17. The processor-implemented method of claim 16, wherein deploying the machine learning model according to the first combination of hyperparameters comprises indicating the channel-specific normalization data such that, during inferencing by the machine learning model, the channel-specific normalization data can be used to normalize each channel of the tensor prior to quantizing the tensor and storing the quantized tensor in a cache associated with the first layer.

18. The processor-implemented method of claim 12, wherein selecting the first combination of hyperparameters further comprises selecting, for each respective layer of the plurality of layers, a respective token eviction policy for a respective cache based on the input data.

19. The processor-implemented method of claim 12, further comprising:

evaluating the first combination of hyperparameters for the machine learning model using the set of input data; and

evaluating a second combination of hyperparameters for the machine learning model using the set of input data, wherein selecting the first combination of hyperparameters is performed based on the evaluations.

20. A processing system for machine learning comprising:

one or more memories comprising processor-executable instructions; and

one or more processors coupled to the one or more memories and configured to execute the processor-executable instructions and cause the processing system to:

access a machine learning model comprising a plurality of layers, wherein each respective layer of the plurality of layers is associated with a respective cache size selected based on testing data after training the machine learning model;

process input data to generate output data using the machine learning model, wherein, to process the input data to generate the output data, the one or more processor are configured to execute the processor-executable instructions and cause the processing system to:

process first data using a first layer of the plurality of layers, wherein the first layer uses a first cache having a first cache size to store first intermediate data; and

process second data using a second layer of the plurality of layers, wherein the second layer uses a second cache having a second cache size different than the first cache size to store second intermediate data; and

output the output data.

21. The processing system of claim 20, wherein the first cache size corresponds to one of a set of defined cache sizes for the machine learning model, the set of defined cache sizes including (i) a small cache size, (ii) a medium cache size, or (iii) a large cache size.

22. The processing system of claim 20, wherein a respective cache sizes of each layer of the plurality of layers sums to no more than a defined maximum memory footprint for the machine learning model.

23. The processing system of claim 20, wherein:

the first cache is associated with a first quantization bitwidth used to store data in the first cache, and

the second cache is associated with a second quantization bitwidth, different from the first quantization bitwidth, used to store data in the second cache.

24. The processing system of claim 23, wherein, to process the first data using the first layer of the plurality of layers, the one or more processor are configured to execute the processor-executable instructions and cause the processing system to apply channel-specific normalization to intermediate data prior to quantizing the intermediate data and storing the intermediate data in the first cache.

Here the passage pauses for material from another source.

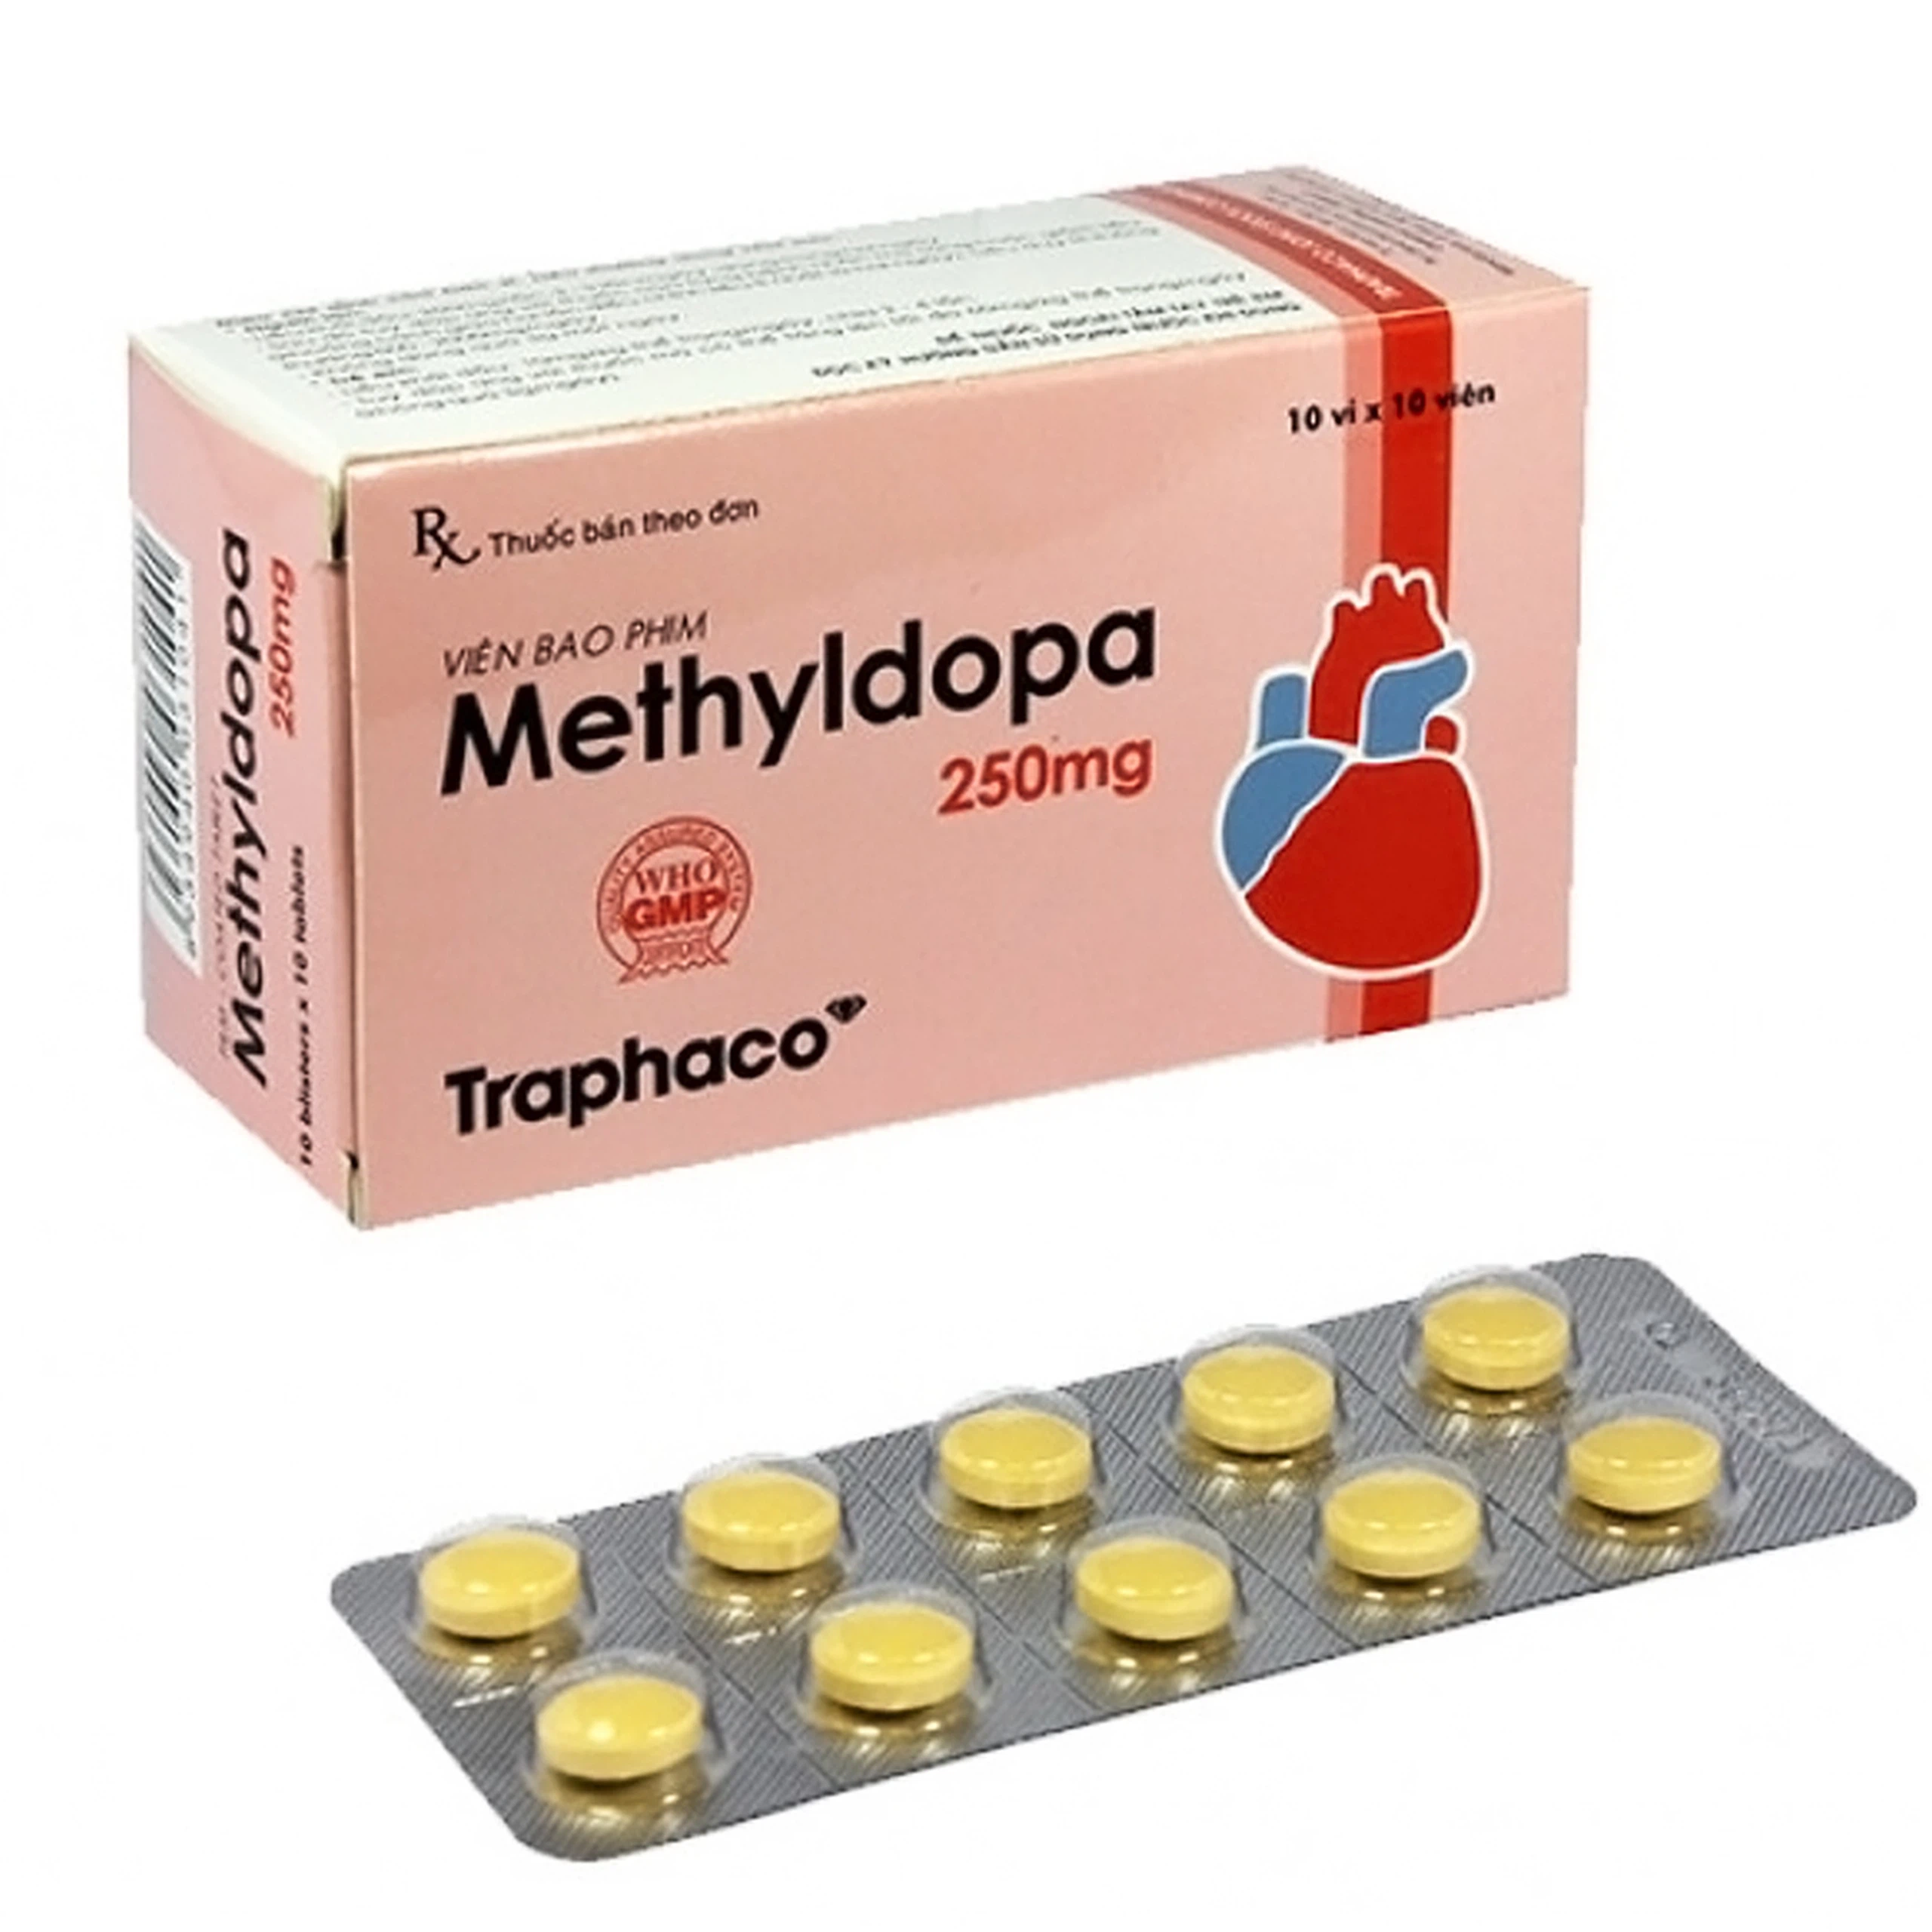 Viên nén Methyldopa 250mg Traphaco điều trị tăng huyết áp (10 vỉ x 10 viên)

25. The processing system of claim 24, wherein the channel-specific normalization was determined, for each respective channel of the intermediate data, based on a respective average value of the respective channel using testing data and a respective maximum value of the respective channel using testing data.

26. The processing system of claim 20, wherein:

the first cache is associated with a first token eviction policy for data stored in the first cache, and

the second cache is associated with a second token eviction policy, different from the first token eviction policy, used to store data in the second cache.